The 60D also has some weather sealing on it.  Body seams have gaskets.  Dials have o-rings.  These are not "pressure" seals... which means if the camera is submerged it's going to flood and be ruined.  But if it's not pressurized water then the camera will be fine.  Getting splashed, rained on, sprayed, etc. wont hurt the camera... although it MIGHT hurt the lens and if the lens isn't weather sealed then water could potentially get into the body via the lens (there are weather-sealed lenses too.)


----------



## Majeed Badizadegan (Feb 20, 2013)

TCampbell said:


> It's probably less fragile than you might guess.  The 60D has a polycarbonate body (plastic... but a very durable plastic.)  The 7D, 5D, and 1D all have magnesium alloy (metal) bodies (and they are heavier.)
> 
> They are designed to take a bit of abuse.  I've heard of some fairly surprising hits that cameras have taken and they survive (although there was one guy who dropped his Rebel off a rocky cliff face and it fell about 20' onto a hard rock below.  That DID break it.... but he said it was about a 20' drop and nothing to slow the fall.)
> 
> The 60D also has some weather sealing on it.  Body seams have gaskets.  Dials have o-rings.  These are not "pressure" seals... which means if the camera is submerged it's going to flood and be ruined.  But if it's not pressurized water then the camera will be fine.  Getting splashed, rained on, sprayed, etc. wont hurt the camera... although it MIGHT hurt the lens and if the lens isn't weather sealed then water could potentially get into the body via the lens (there are weather-sealed lenses too.)

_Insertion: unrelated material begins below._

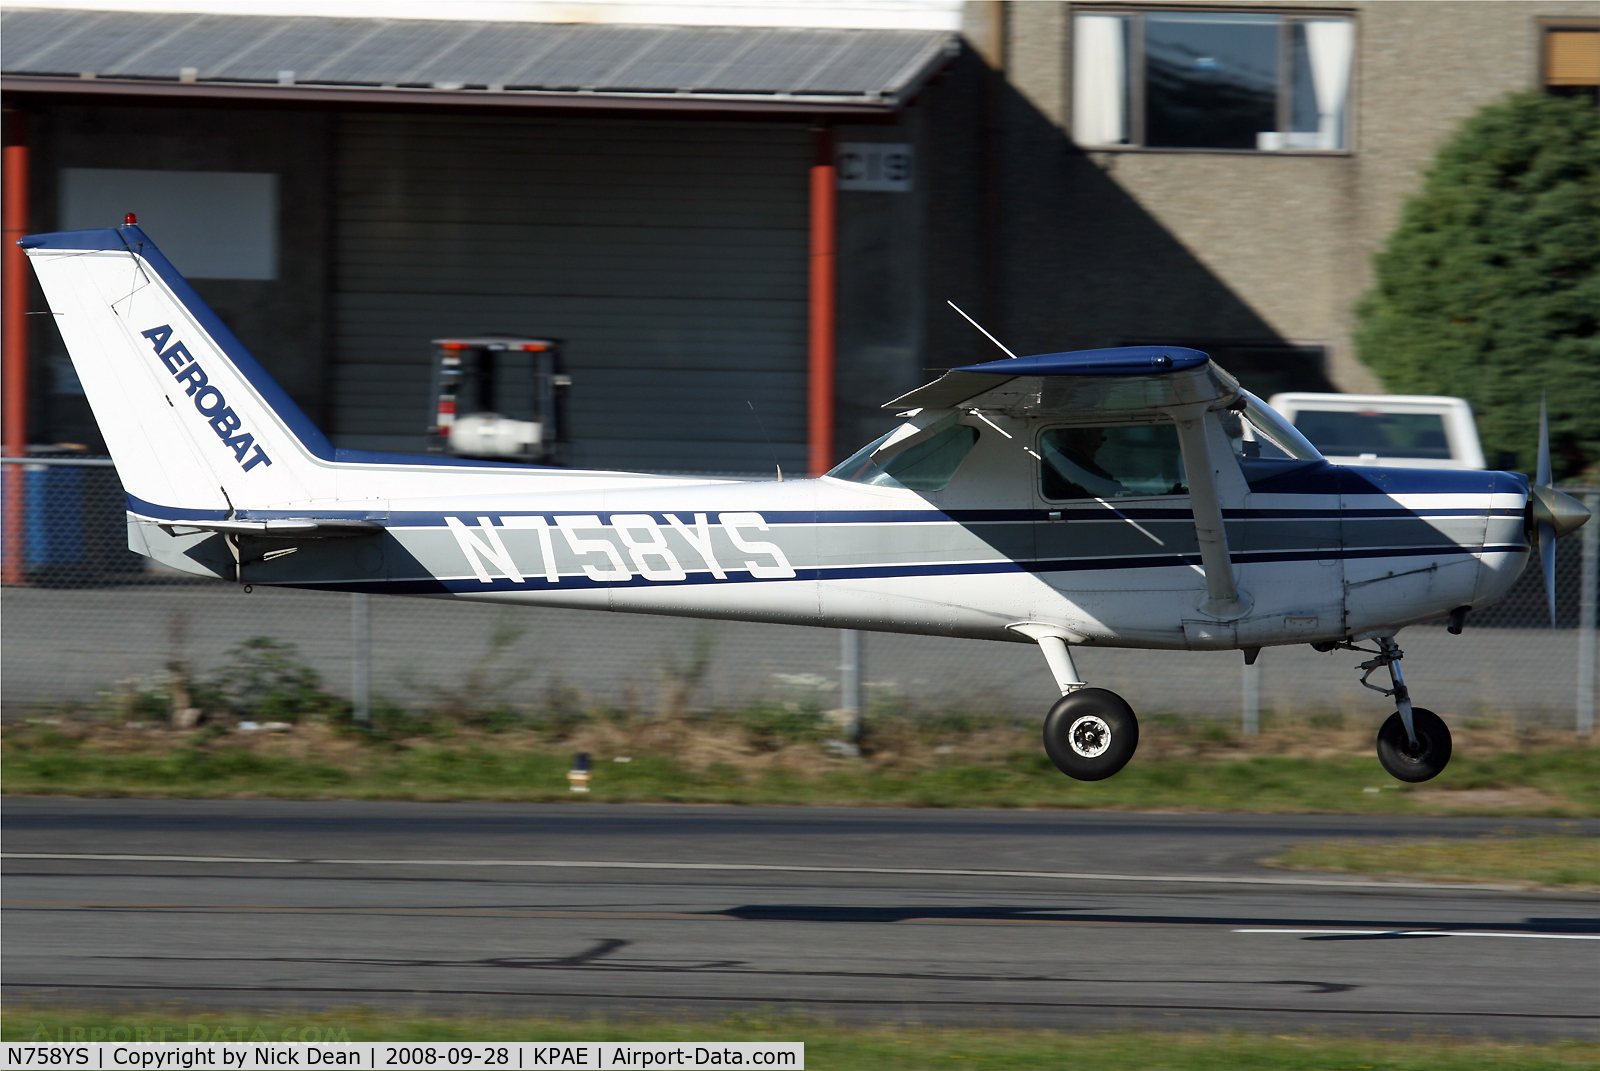 N758YS, 1982 Cessna A152 Aerobat C/N A1521017, /

Get this guy an award. He's always got the right answer. 

Can't tell you OP how much my 60d has been through. I'm a demanding user. It's taken multiple salt-water dousings. It's been in the rain. In the cold. It's bumped around my neck when I'm making my way about. It's been quite hardy and I couldn't be more pleased. 

Make sure you take TCampbell's words under advisement. Not all lenses are weather sealed. But *often *the "exposed" area, where water could potentially get in, is the front lens element area. A screw in filter can complete the weather seal for some lenses, so I hear.


----------



## Alex_B (Feb 20, 2013)

Well, to my experience they can take quite a lot, but sometimes you are unlucky. It depends on how the camera hits the ground and what sort of lens is on it. I'd recommend to always have the strap around your neck, so it at least cannot fall to the ground. Occasional bumping into other objects or walls is by far less critical than falling down really. I would leave the lens shade on, as it helps not hitting that concrete wall directly with the front element of the lens.


----------